Latest version of Nvidia Driver 515 is installed:

can@can-tuf-fx506hm:~$ sudo apt-get install nvidia-driver-515
nvidia-driver-515 is already the newest version (515.65.01-0ubuntu0.22.04.1).

Can you help me to fix this black screen / frozen laptop problem?

Best Regards,
Can

Please run nvidia-bug-report.sh as root after that happened and attach the resulting nvidia-bug-report.log.gz file to your post.

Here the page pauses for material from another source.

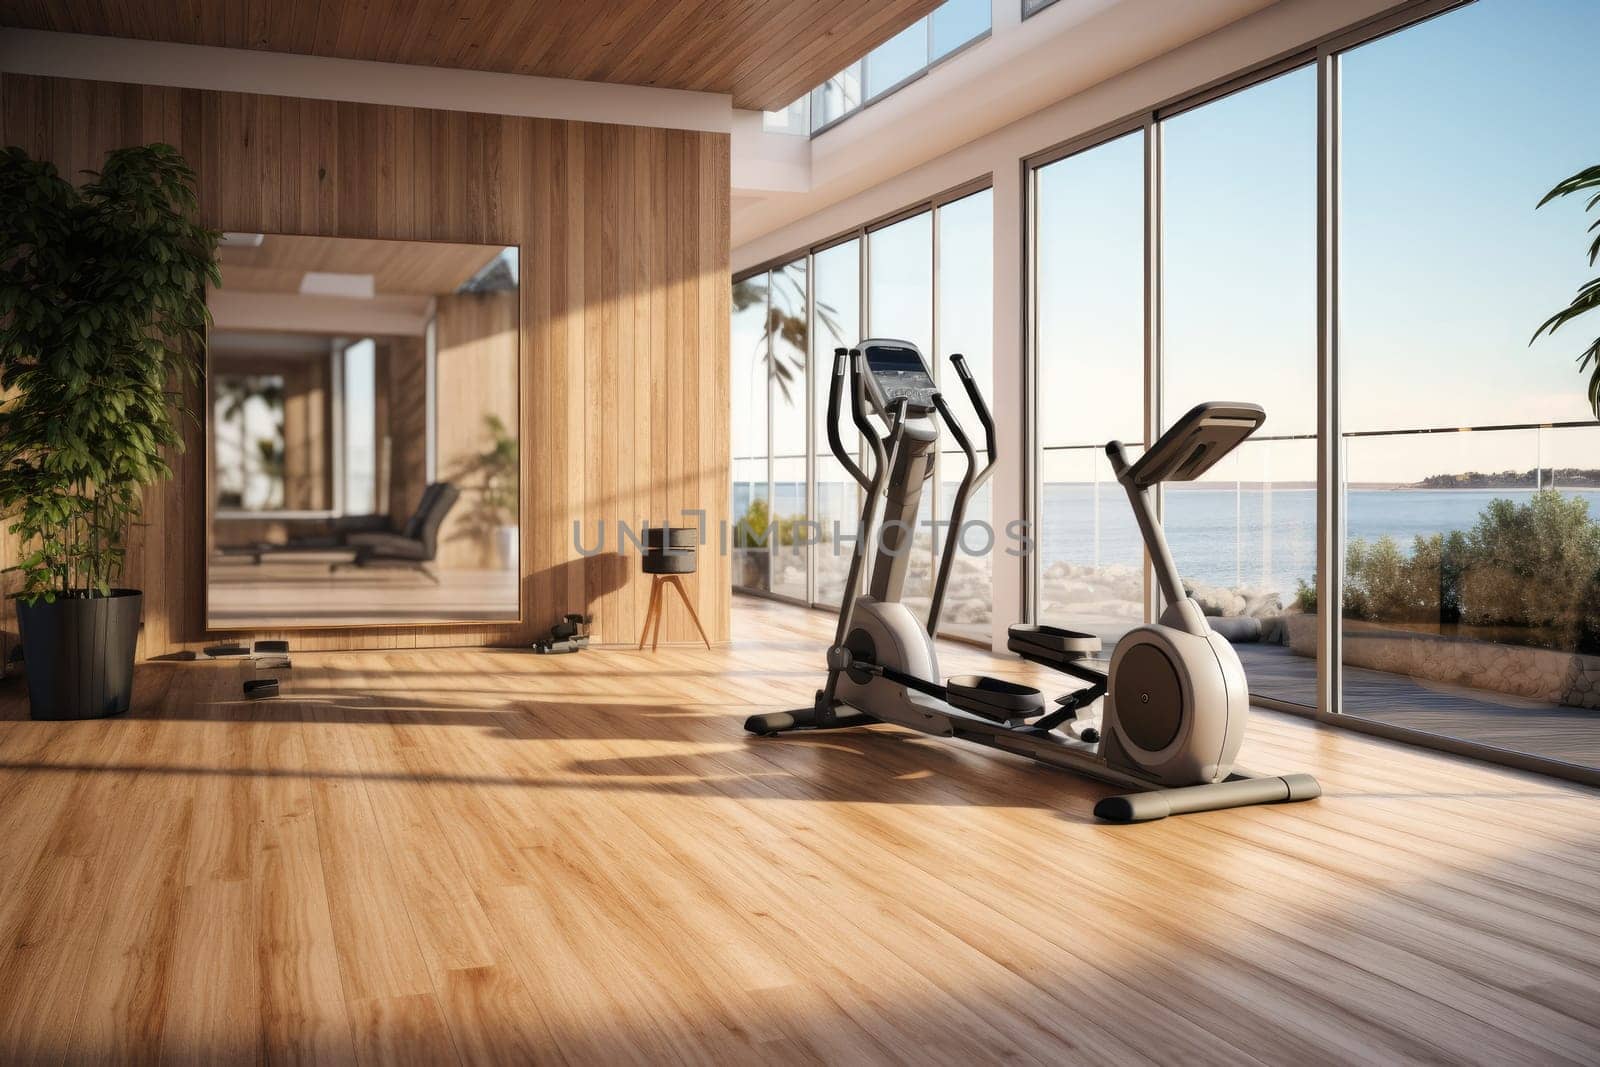 Modern Home Gym Area with Exercise Machine for Sports Workouts by Yurich32

It happened today again, I waited about 5 minutes and then restarted laptop by 5 seconds on Power button.
Here is the results from the
sudo nvidia-bug-report.sh

nvidia-bug-report.log.gz (372.1 KB)

Aug 11 18:48:08 can-tuf-fx506hm kernel: NVRM: Xid (PCI:0000:01:00): 79, pid='<unknown>', name=<unknown>, GPU has fallen off the bus.
Aug 11 18:48:08 can-tuf-fx506hm kernel: NVRM: GPU 0000:01:00.0: GPU has fallen off the bus.

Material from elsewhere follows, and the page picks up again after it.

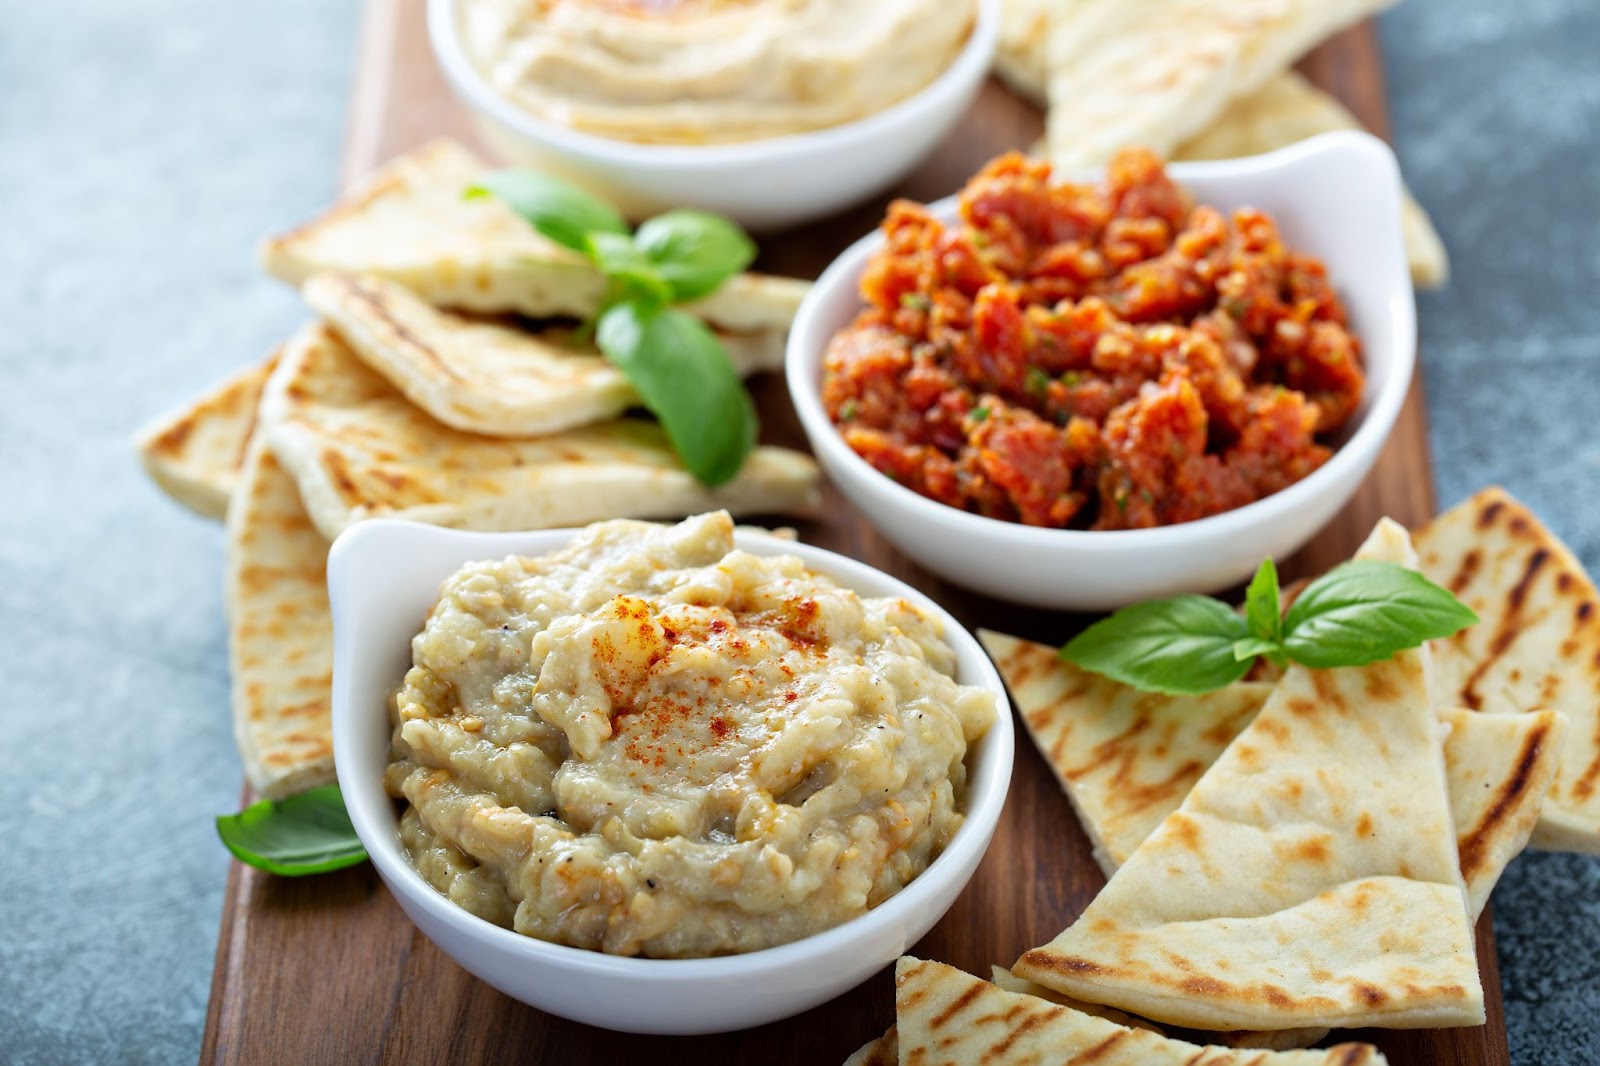 Close up of a Mediterranean Mezze Board featuring a wooden cutting board topped with a variety of dips and pita bread. This is one of many great appetizer themed board presentation ideas.

Since it’s a notebook, this looks like it’s beginning to die.
If still under warranty, try to reproduce it using Windows, then have it replaced by asus.

I have forgot to mention this error happens randomly, only when Ubuntu decides to go suspend or power saving / hibernate mode after some inactive time. Then sometimes, I can not wake up the Laptop anymore.
Can that be a driver issue related with Power + Nvidia Drivers under Linux?

I dropped to opensource driver and I did not have any issues with the opensource driver for a long while therefore I do not think this is an hardware issue.
I can also try to reproduce it with Windows, I did not installed Windows on it yet but I can try with one of old Windows 10 licenses…

I am using this Laptop only 5 about months since I buy it.
If it is beginning to die I would probably avoid any product created by Nvidia and Asus in future.
That combination worked for me more than 10 years on my previous laptop.

If it only happens after suspend, then it rather sounds like a bios issue. Please check for an update.